Собрание сочинений. Том 4
Шрифт:
Этот элемент (размышление) есть, конечно, в творчестве каждого большого поэта. Он силен в Державине, Пушкине, а Лермонтов даже начинает эту важнейшую линию русской поэзии, вершинами которой (по хронологии) являются три поэта: Баратынский, Тютчев и Пастернак. Я не знаю языков, но по переводам вижу, что и работы Рильке и Гете того же самого ряда, утверждающего главное в поэзии.
Горестно думать, что именно эта сторона стихотворчества (важнейшая, выводящая поэзию далеко за границы возможностей всех других искусств) находилась так много лет и сейчас находится в совершенном пренебрежении. Если нынешние отцы отечества хотят успехов русской поэзии, то они должны сделать все для того, чтобы вернуть поэзии ее серьезность. Я знаю, Вам не покажутся наивными и смешными все эти рассуждения. Да я и не хотел другого языка, чтоб
Еще раз — благодарю за 24 июня.
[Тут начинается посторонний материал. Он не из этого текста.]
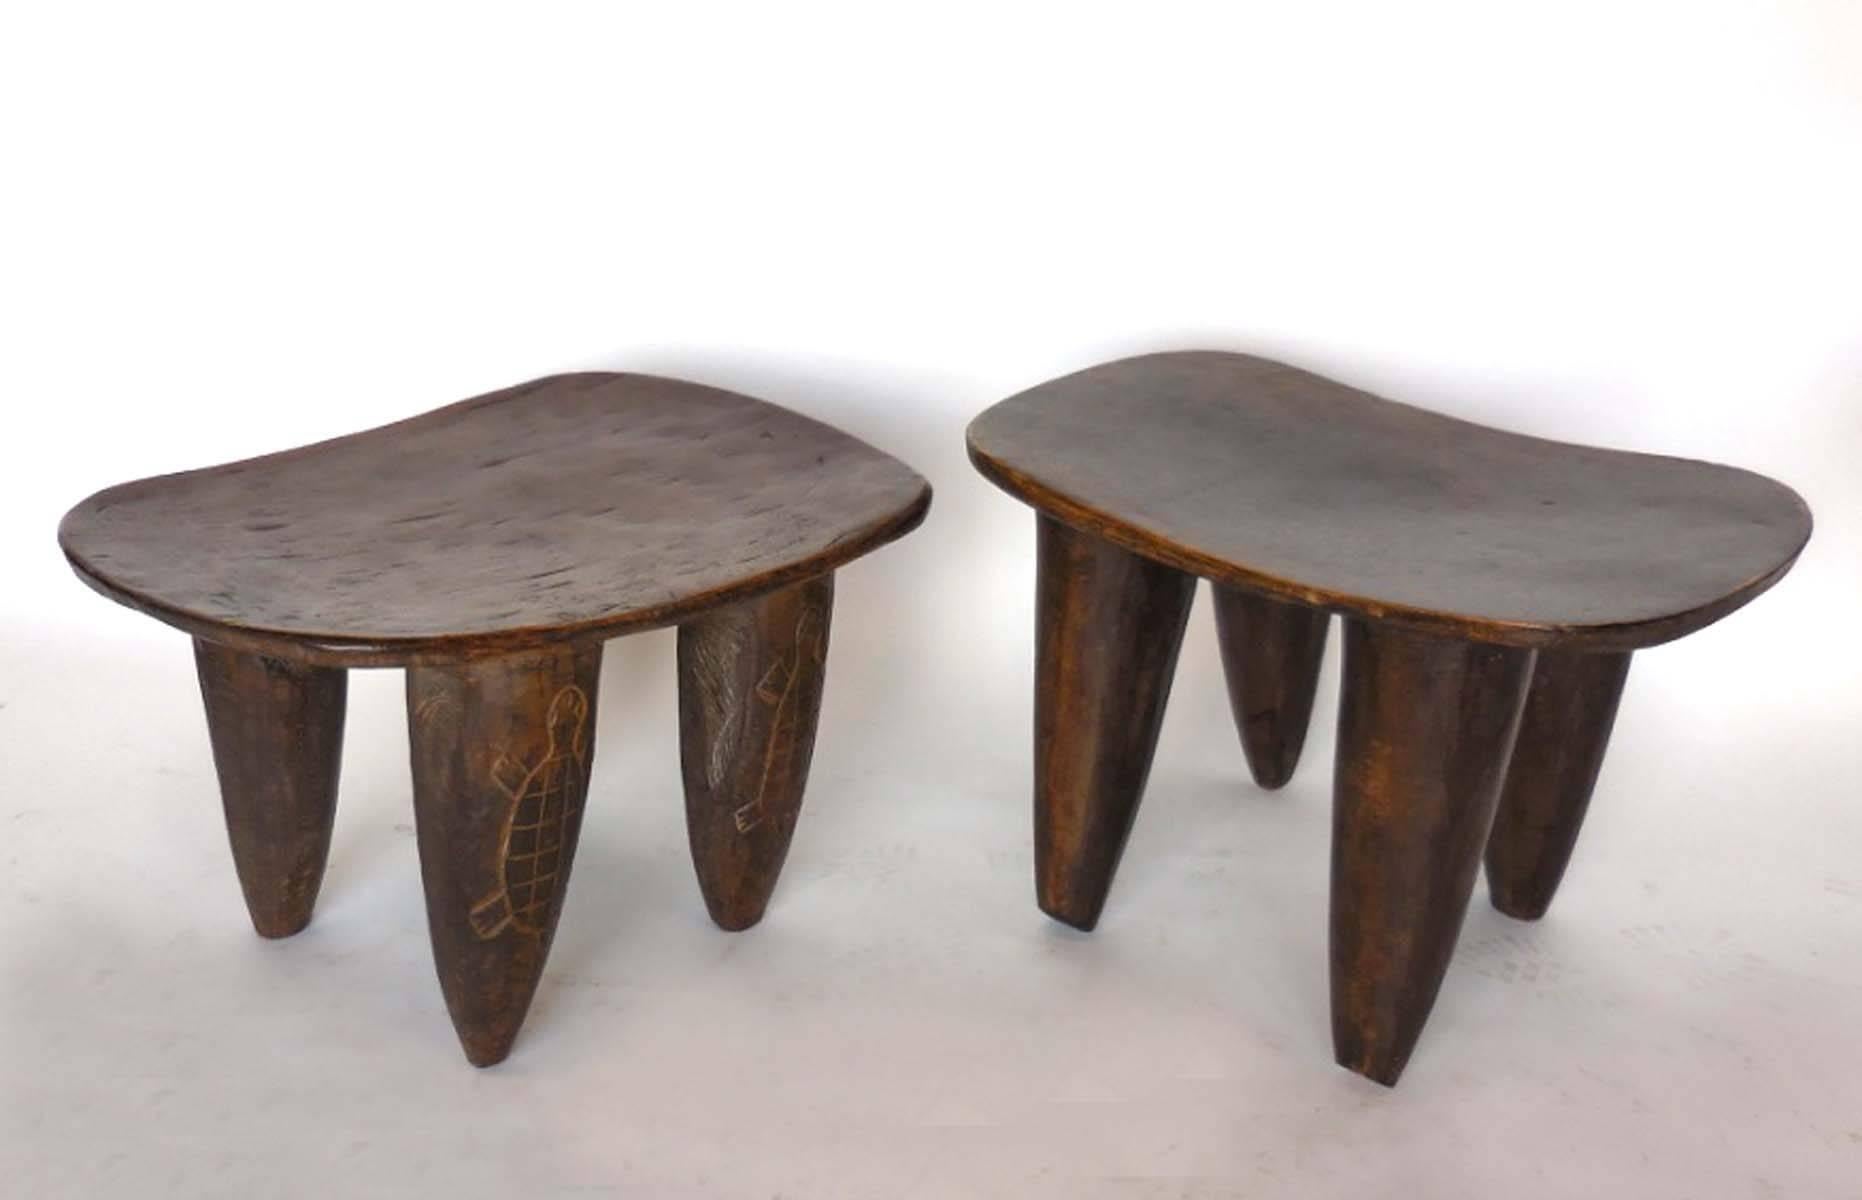 Malian Tribal Hand-Carved Stool from Mali - LEFT ONE AVAILABLE

Я об этом дне еще не один раз погадаю с рифмами в руках — если Бог даст силы и время.
Сердечный мой привет.
Всегда Ваш В. Шалимов. Лучшие мои приветы Зинаиде Николаевне.
11 августа 1956 г.
Дорогой Борис Леонидович.
Позвольте мне еще раз (в тысячный раз, вероятно, если подсчитать все мои заочные разговоры с Вами) сказать Вам, что я горжусь Вами, верю в Вас, боготворю Вас.
Я знаю, Вам вряд ли нужны мои слабые слова, знаю, что у Вас достаточно душевной твердости, ясности и силы, чтобы идти своей дорогой на той невиданной высоте, сказочной для нашего растленного времени, что никакой соблазн, очередная приманка не обманут Вас.
Я никогда не писал Вам о том, что мне всегда казалось — что именно Вы — совесть нашей эпохи — то, чем был Лев Толстой для своего времени.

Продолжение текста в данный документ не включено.